Entre los pueblos ecuatorianos había algunos que, como los puruhaes, adoradores del Chimborazo, hacían sacrificios humanos sobre el altar del templo levantado en el límite de las nieves perpetuas. El ídolo recibía la sangre de los prisioneros de guerra. Tenían también la práctica de la inmolación de los primogénitos, cuyos cadáveres conservaban embalsamados, dentro de sus habitaciones, en vasos de piedra o de barro.
En la costa de las Esmeraldas, los indígenas, a semejanza de los jíbaros de las selvas orientales, ofrecían a sus dioses las tsantsas o cabezas reducidas de los enemigos, muertos en sacrificio. Adornaban los templos con estas cabezas, preparadas de un modo especial para que su tamaño disminuyese, hasta quedar como el puño de la mano de un hombre. En Manabí, en Machala y en la isla de Puná, notable por la fiereza de sus habitantes, no solo sacrificaban a los prisioneros de guerra, sino a las mujeres y a los niños.
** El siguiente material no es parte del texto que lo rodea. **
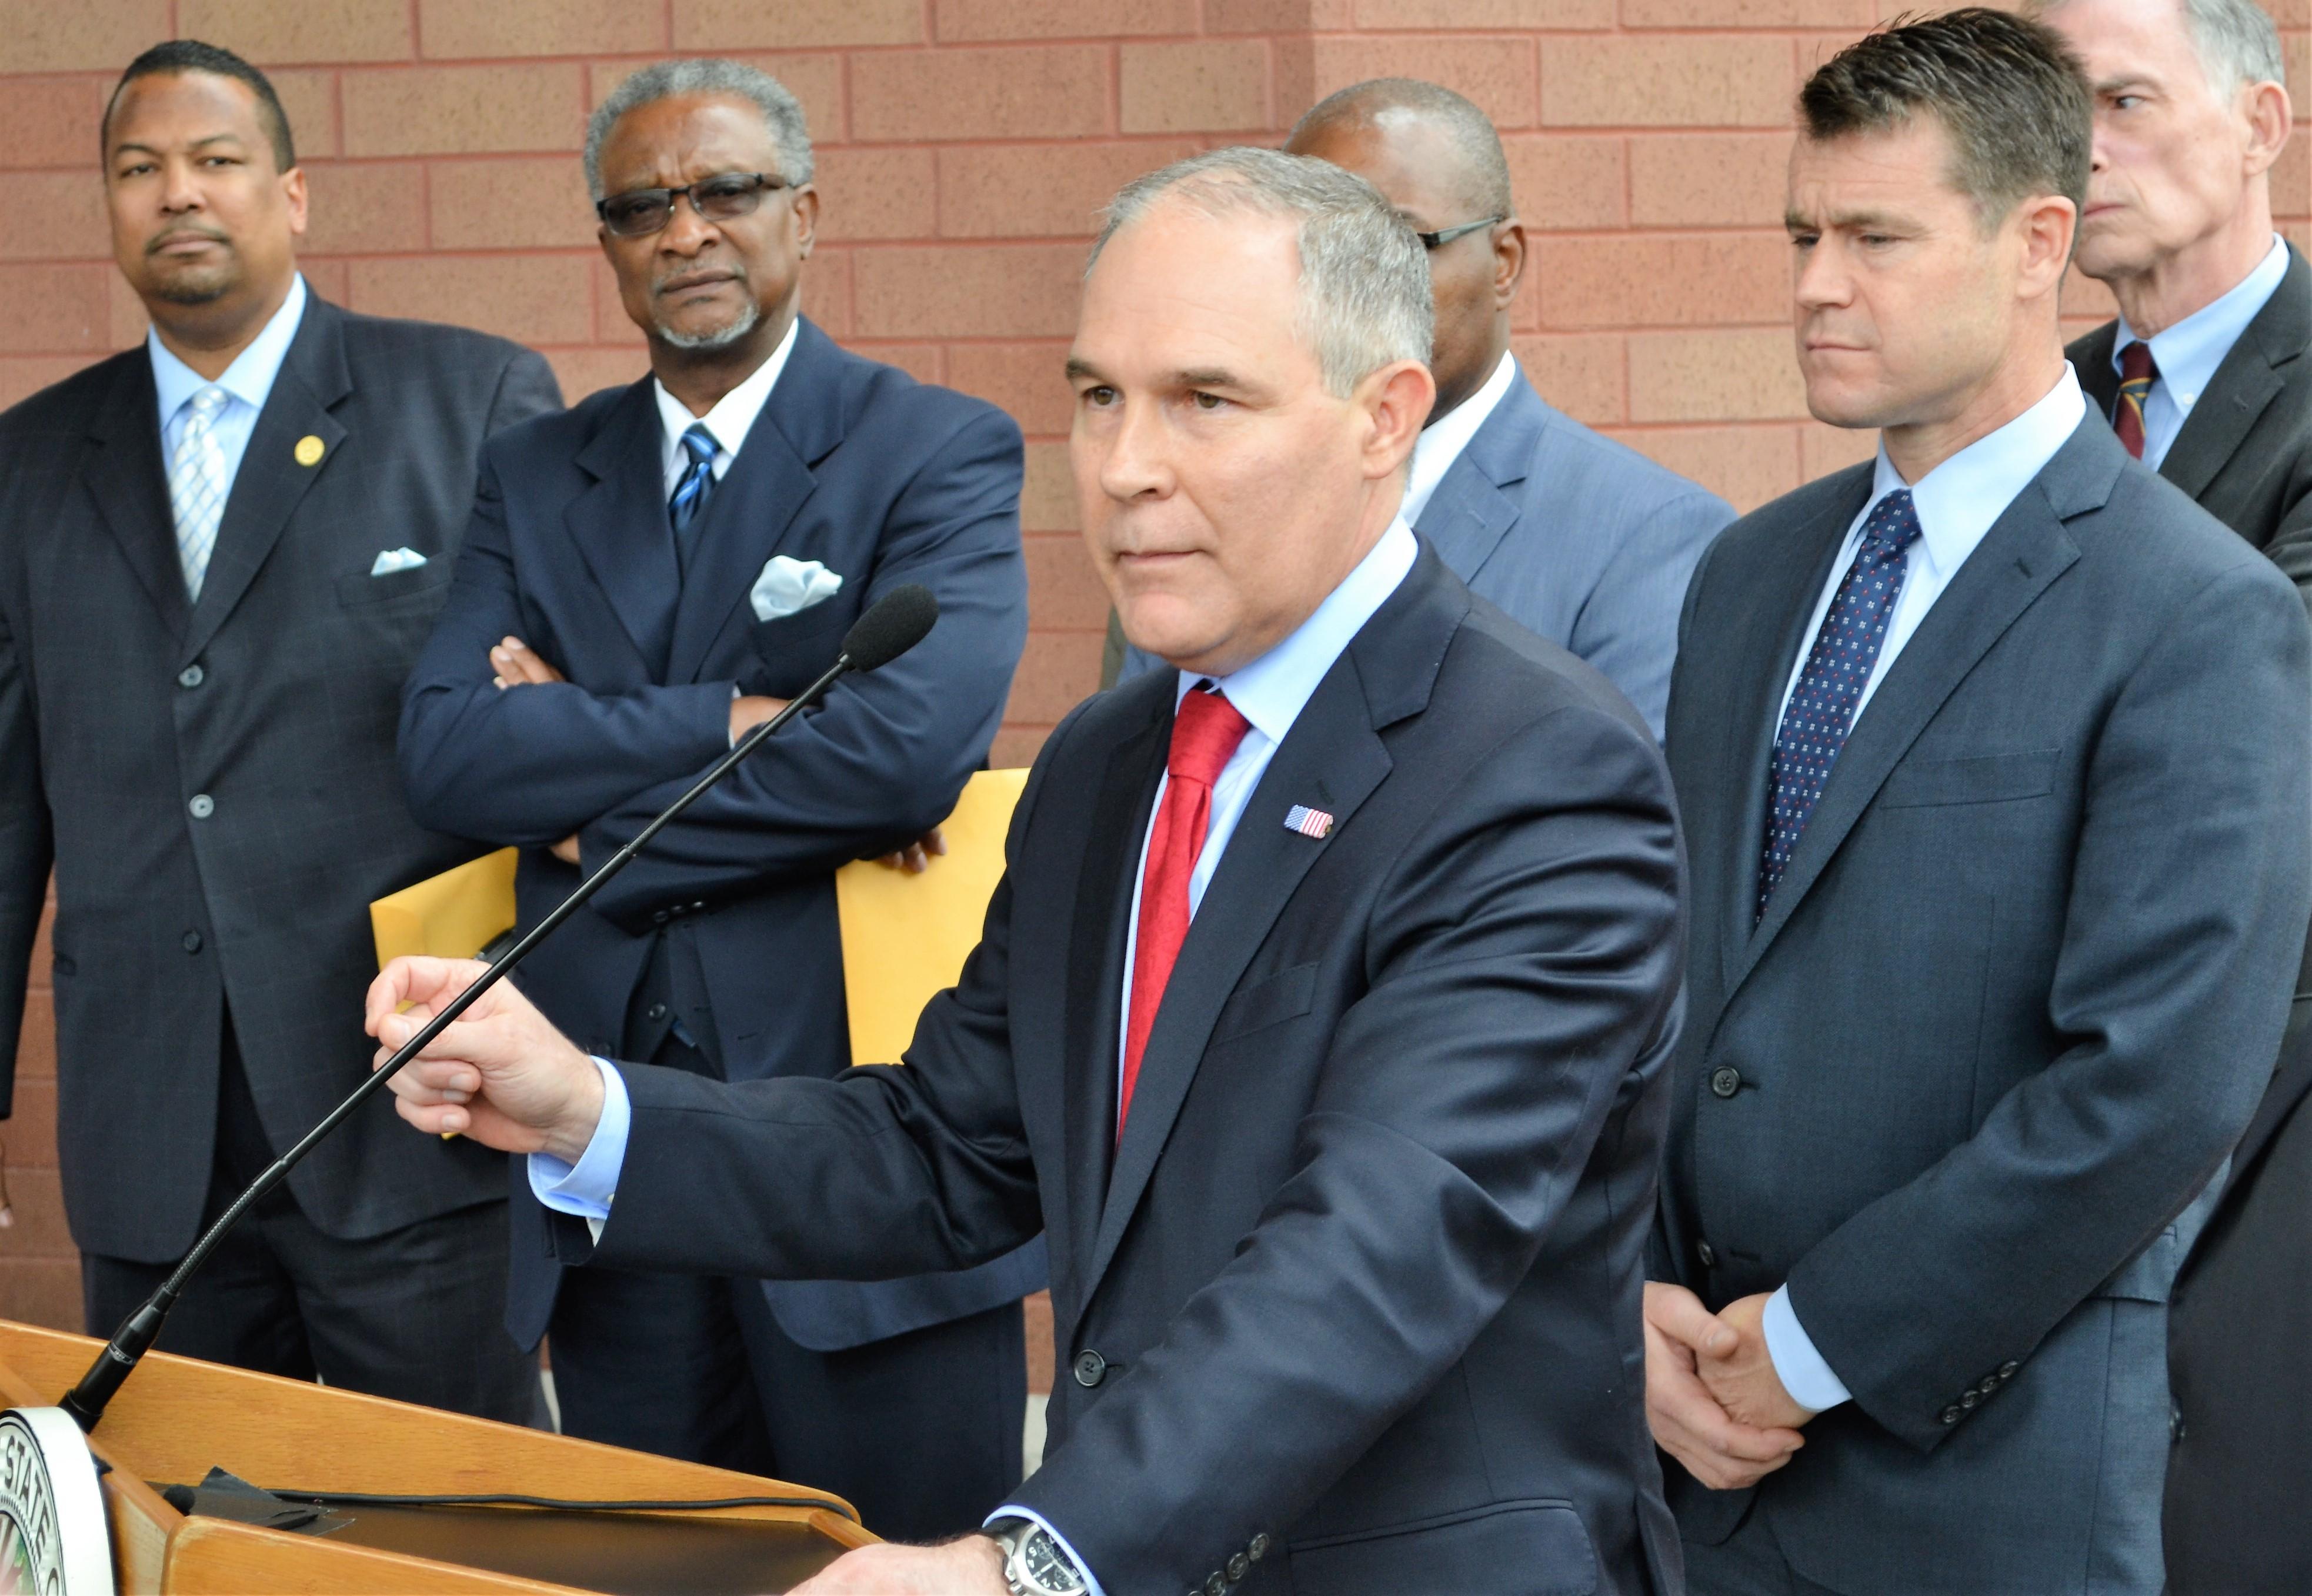 Court lets Dem states defend Obama ozone pollution rule

Practicaban sus ritos con refinamientos complicados. Despellejaban los cadáveres de sus víctimas, y después de preparar la piel con todo esmero, la llenaban de ceniza, y finalmente la cosían, para que todo el cuerpo humano apareciese como de persona viva, en parte visible del templo.
De "Breve historia de América" de Carlso Pereyra; Editorial Zig-Zag, Santiago de Chile, 1946.